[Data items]

┌──

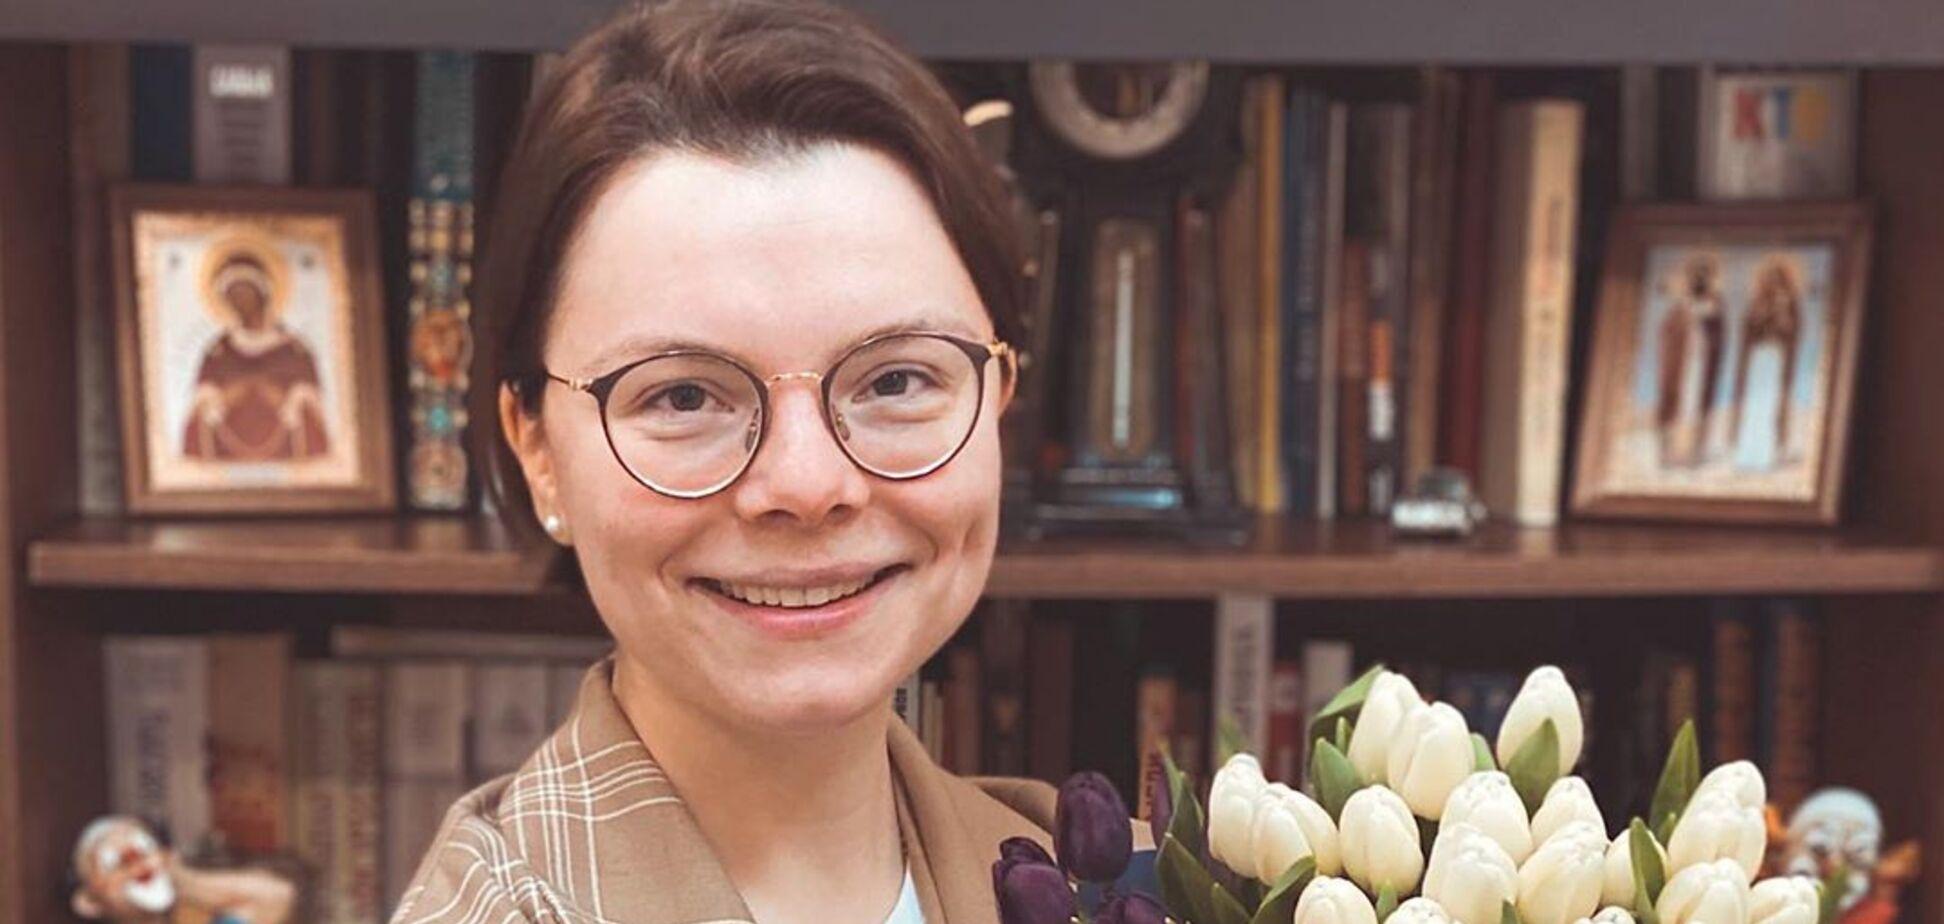 Жена Петросяна Брухунова осадила поклонников в сети из-за советов
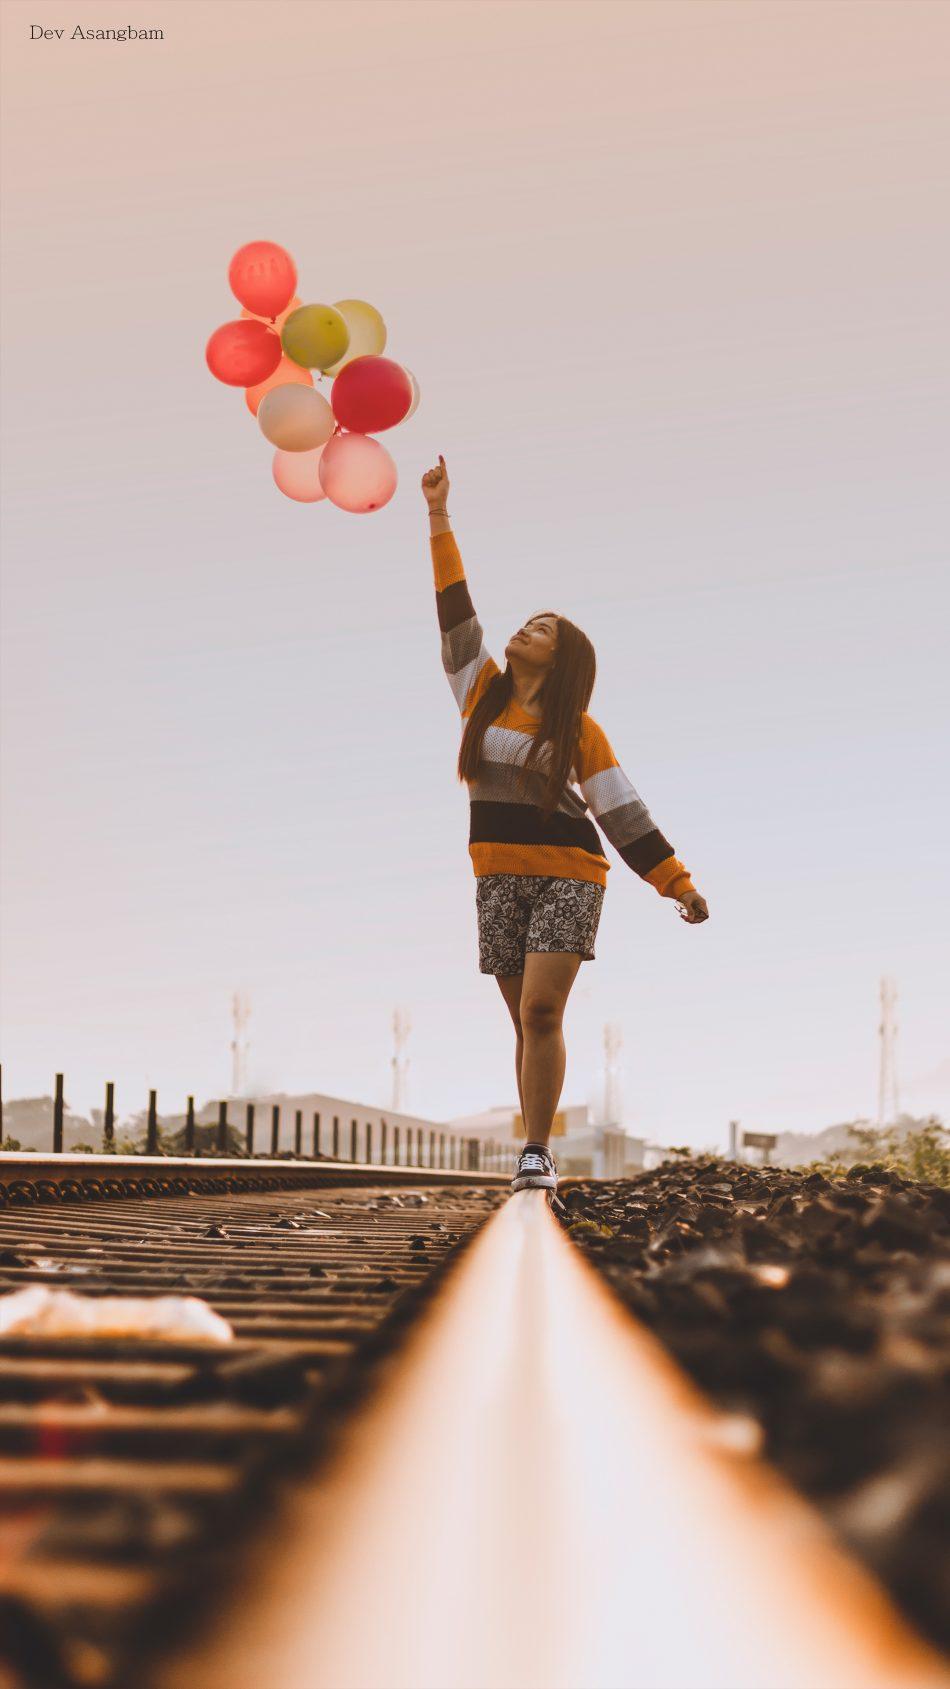 Happy Girl Balloons Train Track Graphy 4k Ultra Happy
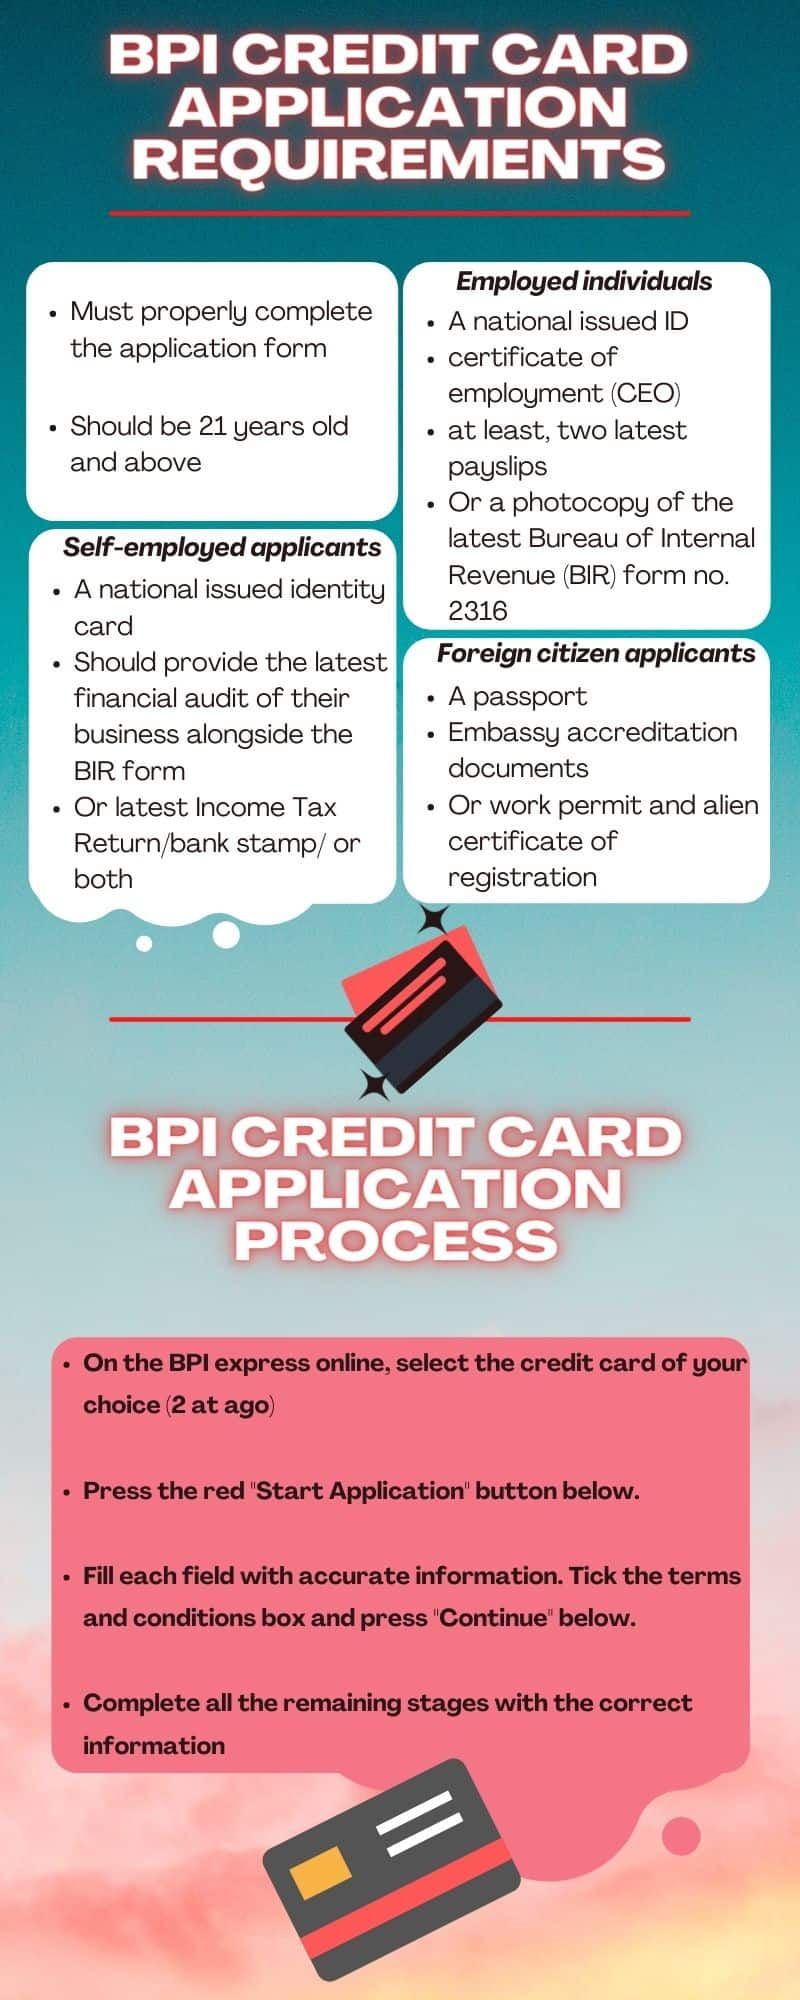 BPI credit card application
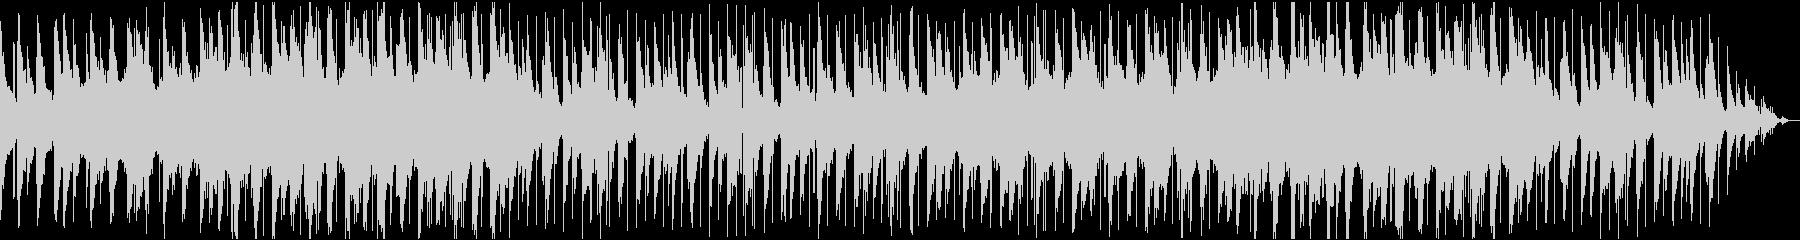 Lo-Fi エレキギター ピアノの未再生の波形
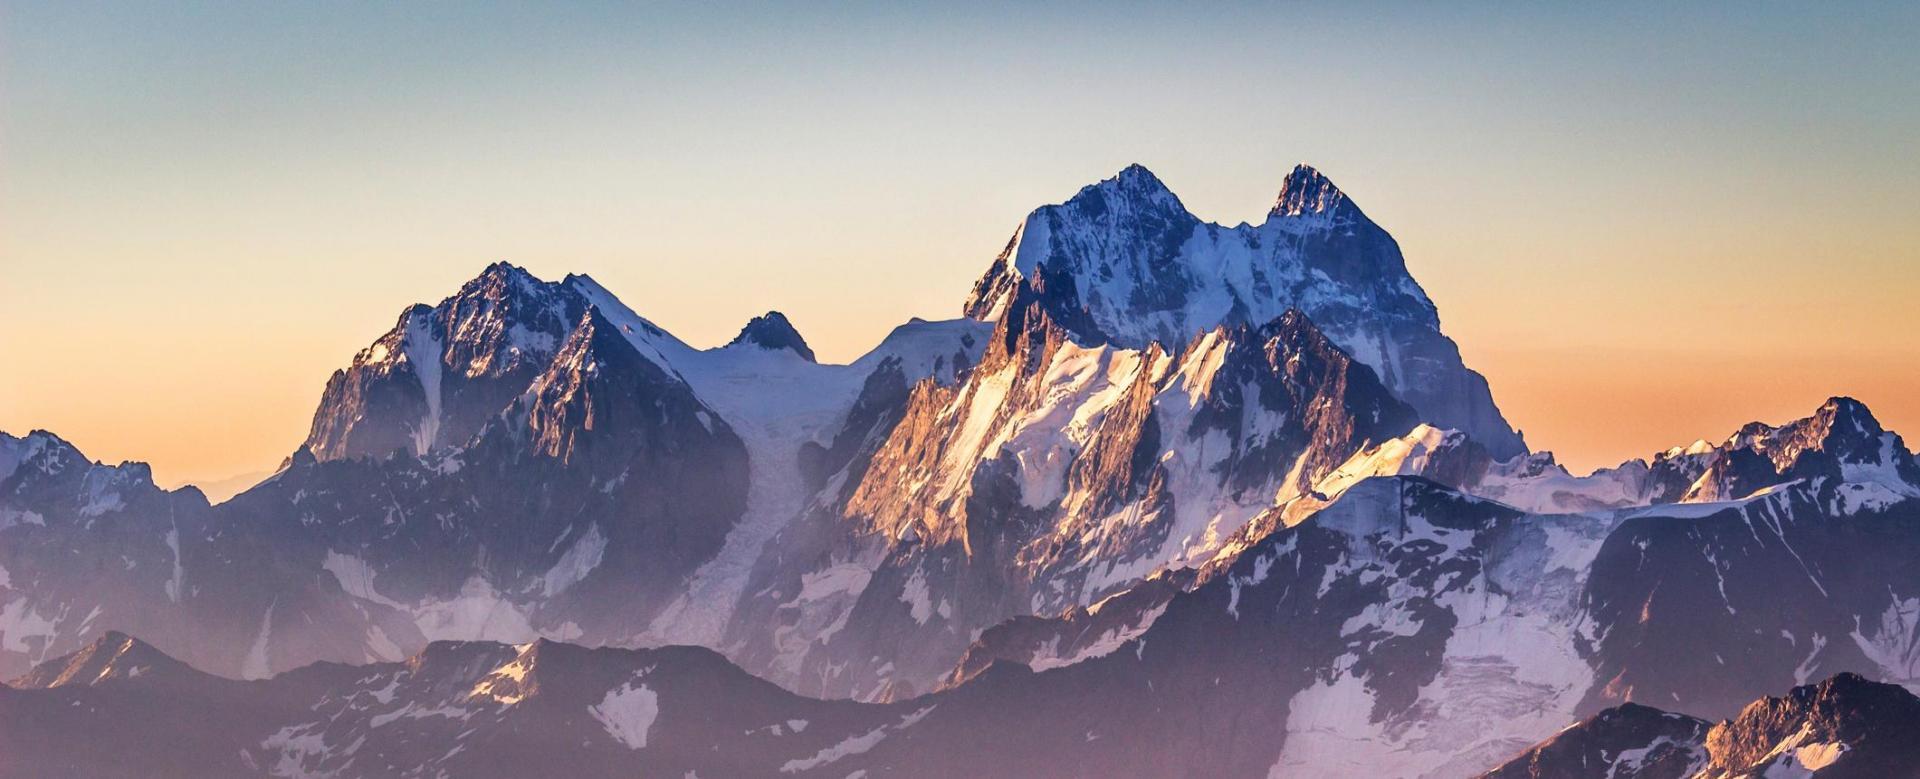 Trekking Georgie : Géants de glace de svanétie
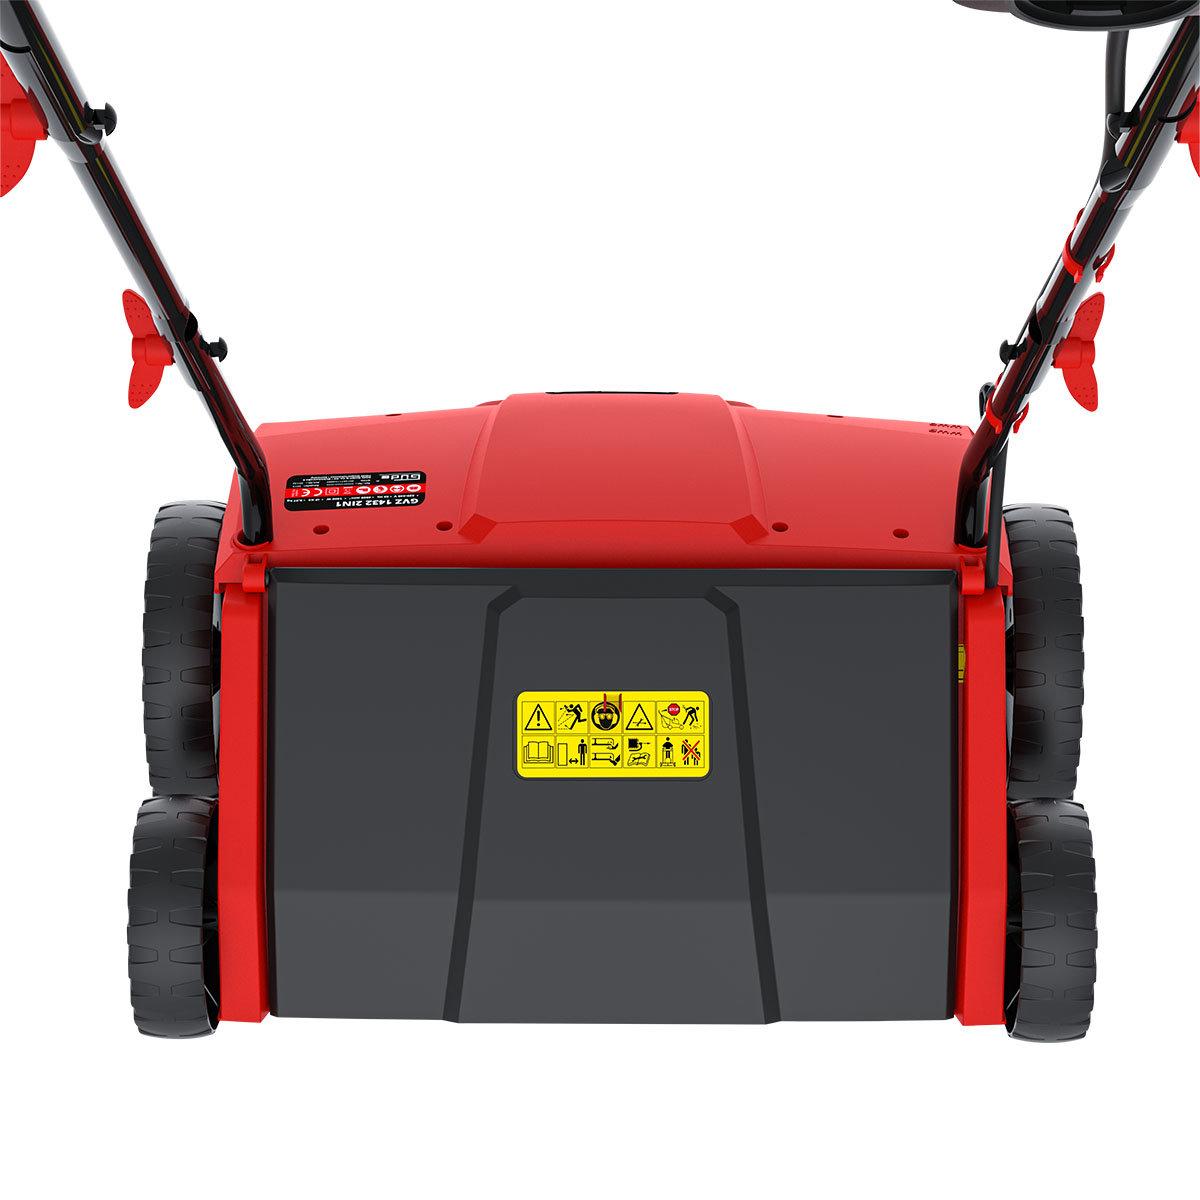 Elektro-Vertikutierer GVZ 1432 2in1 | #4

└──

[What is needed] Copy each entry exactly as written, and drop the pictures from the copy.

[Exercise output]
 Жена Петросяна Брухунова осадила поклонников в сети из-за советов
 Happy Girl Balloons Train Track Graphy 4k Ultra Happy
 BPI credit card application
 Lo-Fi エレキギター ピアノの未再生の波形
 Trekking Georgie : Géants de glace de svanétie
 Elektro-Vertikutierer GVZ 1432 2in1 | #4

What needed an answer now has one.